Pictures are to be left out. Return exactly the lines below from the one with "Kit 6 PARES" up to and including the one with "monochrome sketch contour".

● **Source information**
:::

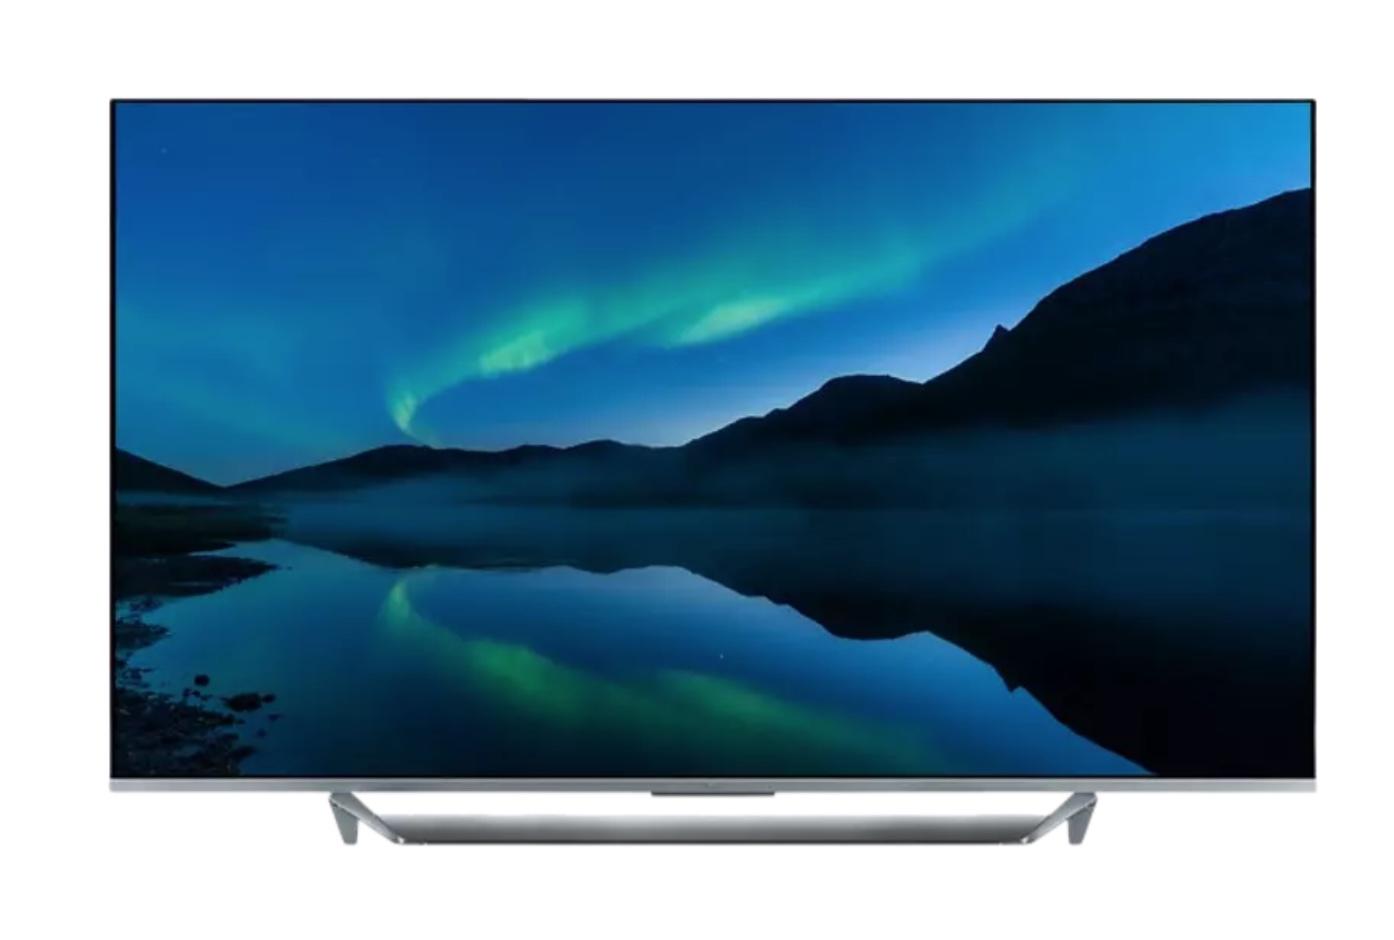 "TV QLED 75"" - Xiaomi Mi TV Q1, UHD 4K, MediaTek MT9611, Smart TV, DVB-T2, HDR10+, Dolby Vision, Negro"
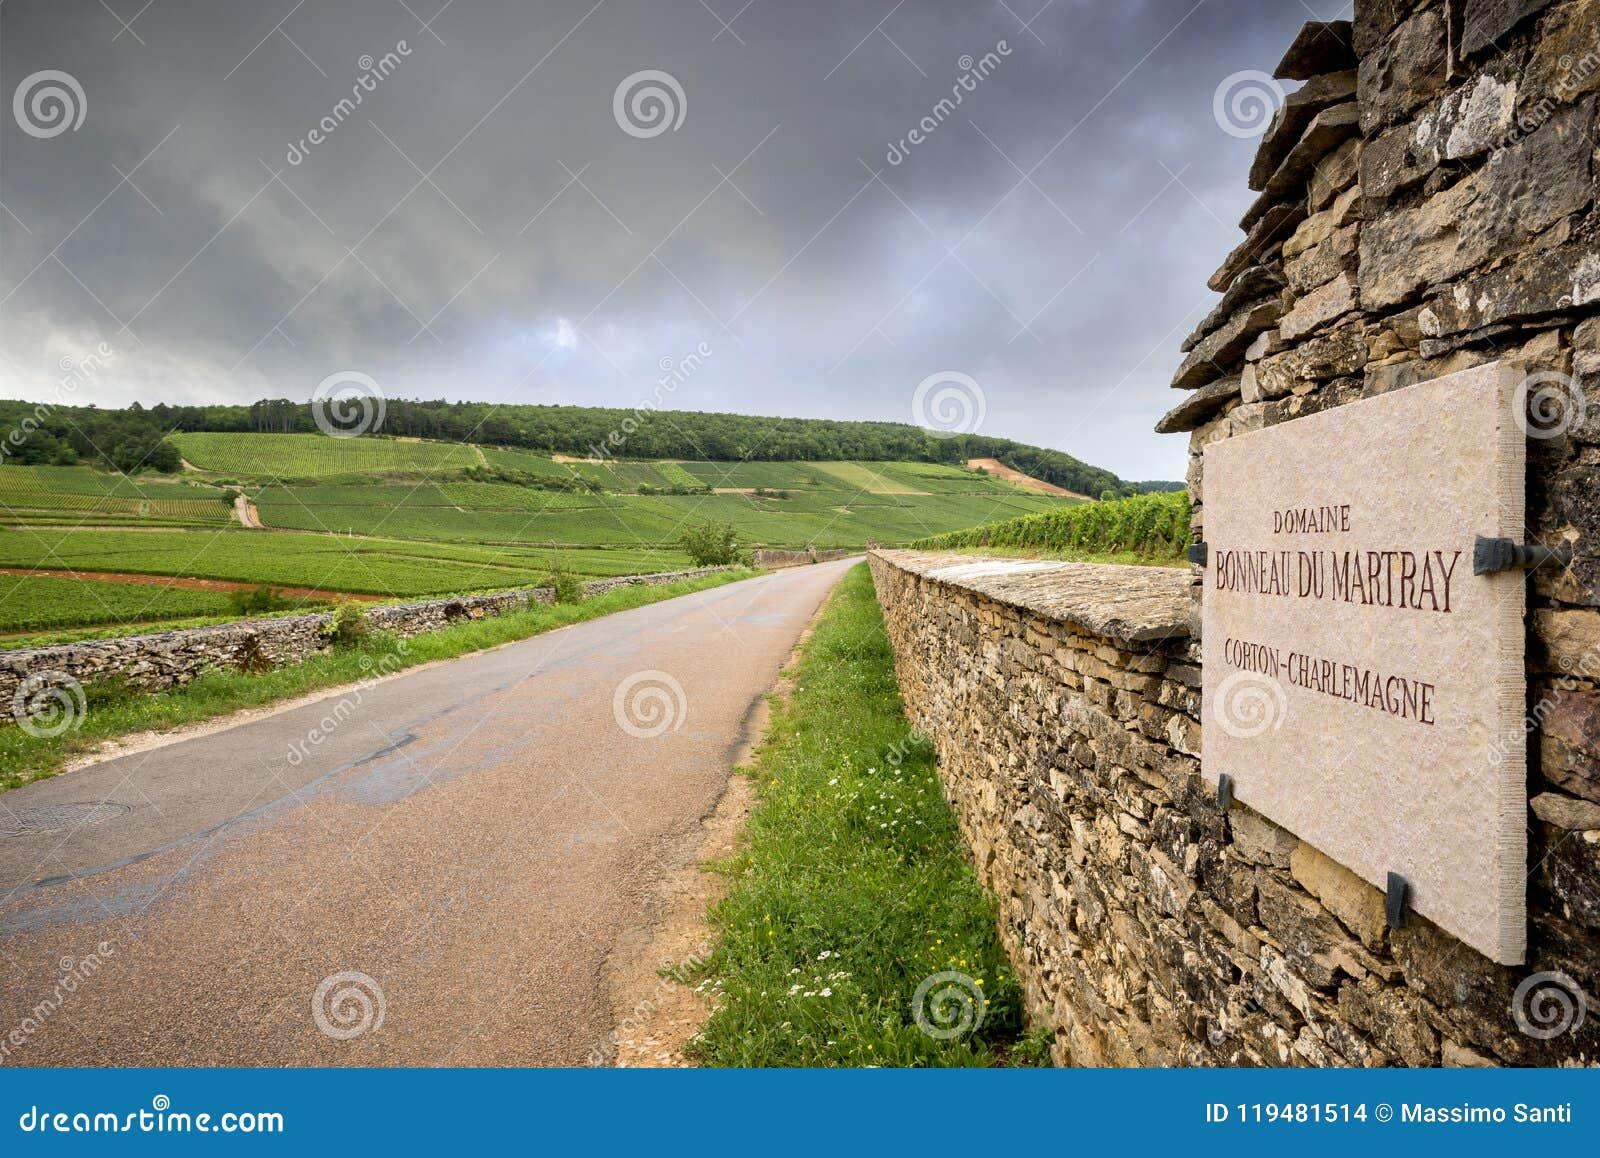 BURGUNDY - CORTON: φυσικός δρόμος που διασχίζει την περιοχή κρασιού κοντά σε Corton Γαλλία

:::

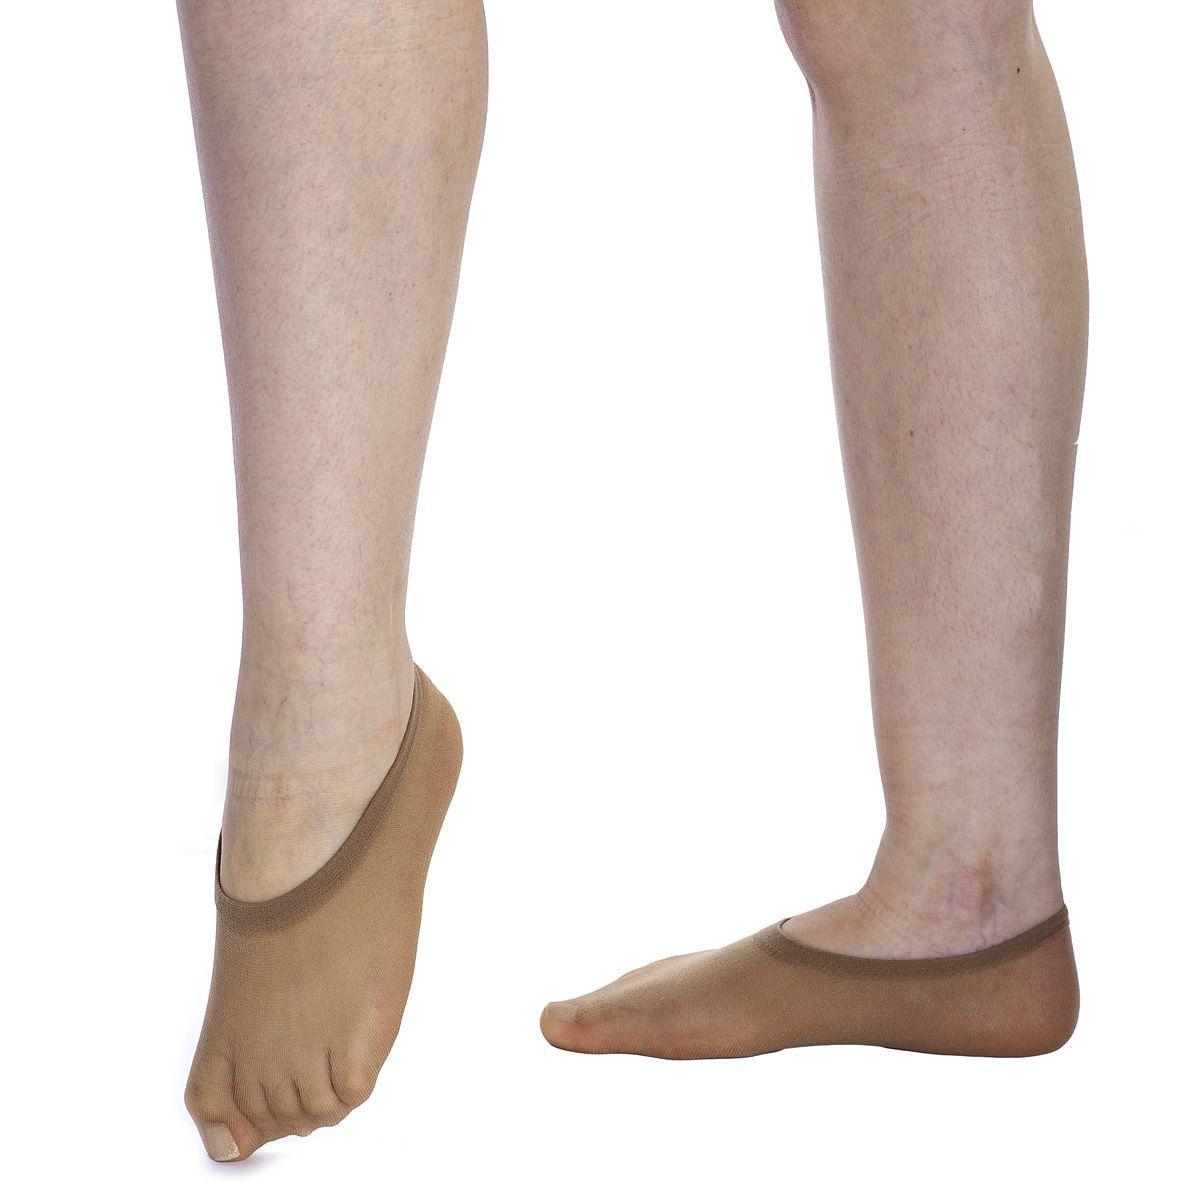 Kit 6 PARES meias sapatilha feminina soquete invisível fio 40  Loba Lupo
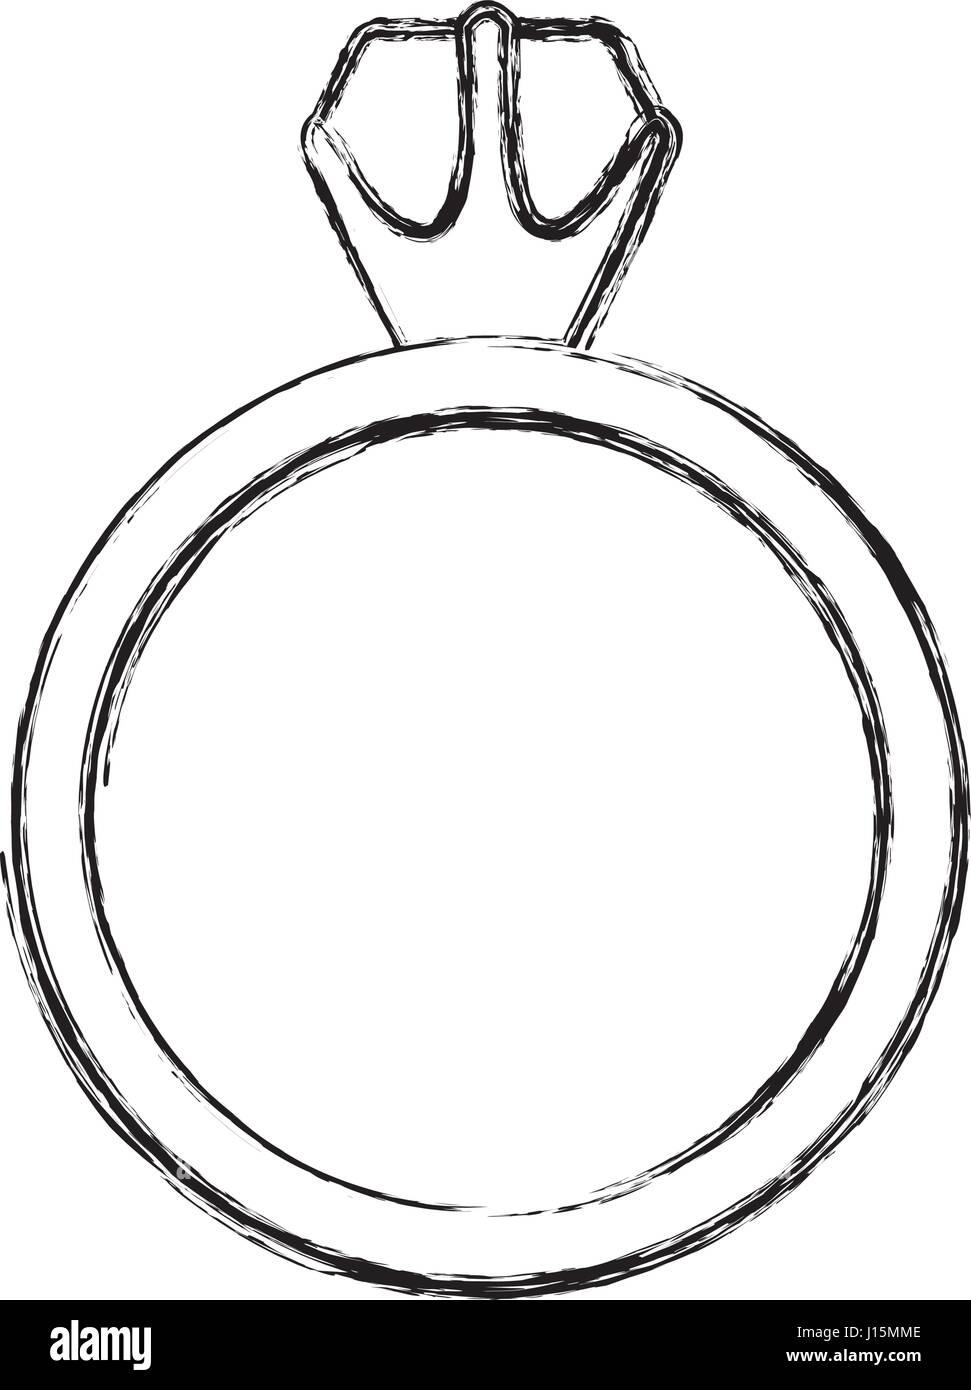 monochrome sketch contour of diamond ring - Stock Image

:::

● **Response box**
 Kit 6 PARES meias sapatilha feminina soquete invisível fio 40  Loba Lupo
 monochrome sketch contour of diamond ring - Stock Image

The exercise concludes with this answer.